# A bike for a 12 year old.



## MarkF (5 Oct 2007)

I can't wait for my insurers any longer, I've already had to buy the wife a new bike and my lad is bending me ear every day, god knows what I am going to spend my squillion pound credit at Halfords on, if I ever get it

Anyway.......my lad's stolen bike was a Falcon 24" mtb-a-like that I bought from Evans. It was ok but weighed ton and had the obligatory wide tread tyres, my lad never used it off road and found it hard work. But........all the 24" cyles on Evans site are the same, Halfords stock the same too so where can a 12 year old get a decent sensible, hybrid type bike?

I reckon these mtb-a-like heavyweight things are enough to put kids off cycling for life.


----------



## ChrisKH (5 Oct 2007)

IslaBikes Beinn 24" (or bigger version). Nuff said. My seven year old rides their 24" but he is big for his age. It's light and has really good components IMO. Can be used as a hard-tailed mountain bike, cyclo cross or road. 

http://islabikes.com/

Isla should be paying me the amount of times I've said this.

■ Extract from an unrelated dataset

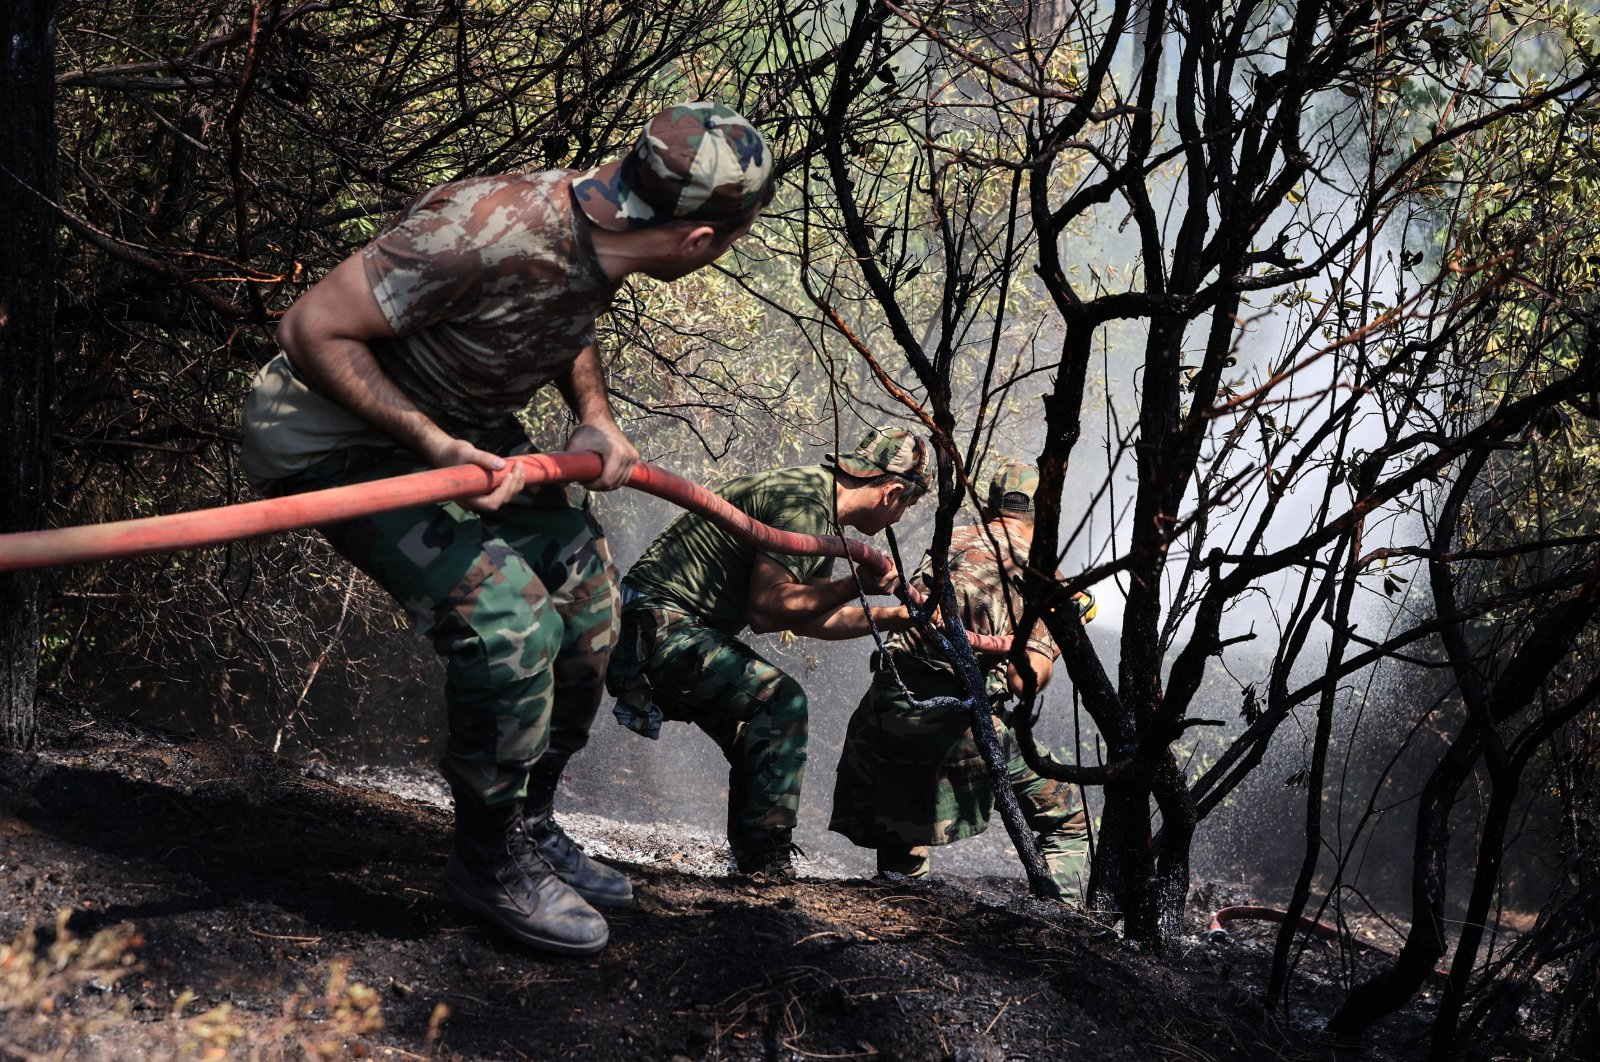 Azerbaijani firefighters help efforts to extinguish a fire in the town of Marmaris, in Muğla, southwestern Turkey, July 31, 2021. (AA PHOTO)

Edit: he might fit the Beinn 26 or the Luath 700. but same recommendation applies.


----------



## domtyler (5 Oct 2007)

Sounds like a good deal to me, go for it!

B'Doom Tish.


----------



## yellow v2 (5 Oct 2007)

Another vote for Islabikes my son is 9 and rides a Beinn 26
THANO​


----------



## Emu (5 Oct 2007)

My 5ft2, 12 year old son rides my Carrera Subway 1 - I have the mans version.


----------



## MarkF (6 Oct 2007)

Emu said:


> My 5ft2, 12 year old son rides my Carrera Subway 1 - I have the mans version.



But my 12 year old is about 4ft4 My 9 year old is the same size!

Thanks very much for the replies.


----------



## Emu (6 Oct 2007)

MarkF said:


> But my 12 year old is about 4ft4 My 9 year old is the same size!



Ah, and there was me trying to suggest that smallish framed adult bike might be the way to go! And slightly OT my 9 year old daughter is about 4ft6 but half a stone heavier than her 12 yo brother!


----------



## Globalti (6 Oct 2007)

Yet another vote for Islabikes -we have just bought one for our son aged 8 and it's a FANTASTIC bike. It goes well, steers well, got great brakes, lightweight and comfortable. I only wish I'd had such a good bike when I was 8.


----------



## BentMikey (8 Oct 2007)

Islabikes vote here too. Here's my review of miniMikey's Islabike Beinn 20. You can also see him riding it in this Hovis London Freewheel video.


----------



## SimonB (9 Oct 2007)

All useful stuff for my debate (see my thread on Kids' triathlon bikes). I like the look of Islabikes but are they a bit restricted in terms of size? My 12 year old is 5'4" and can comfortably fit on a 53cm framed Dawes Horizon (provided the stem is not too long). I'm concerned he would grow out of the Isla Luath 700 in a year or two.

On the other hand I think the Luath 700 is probably 2-3 Kg lighter.

.


----------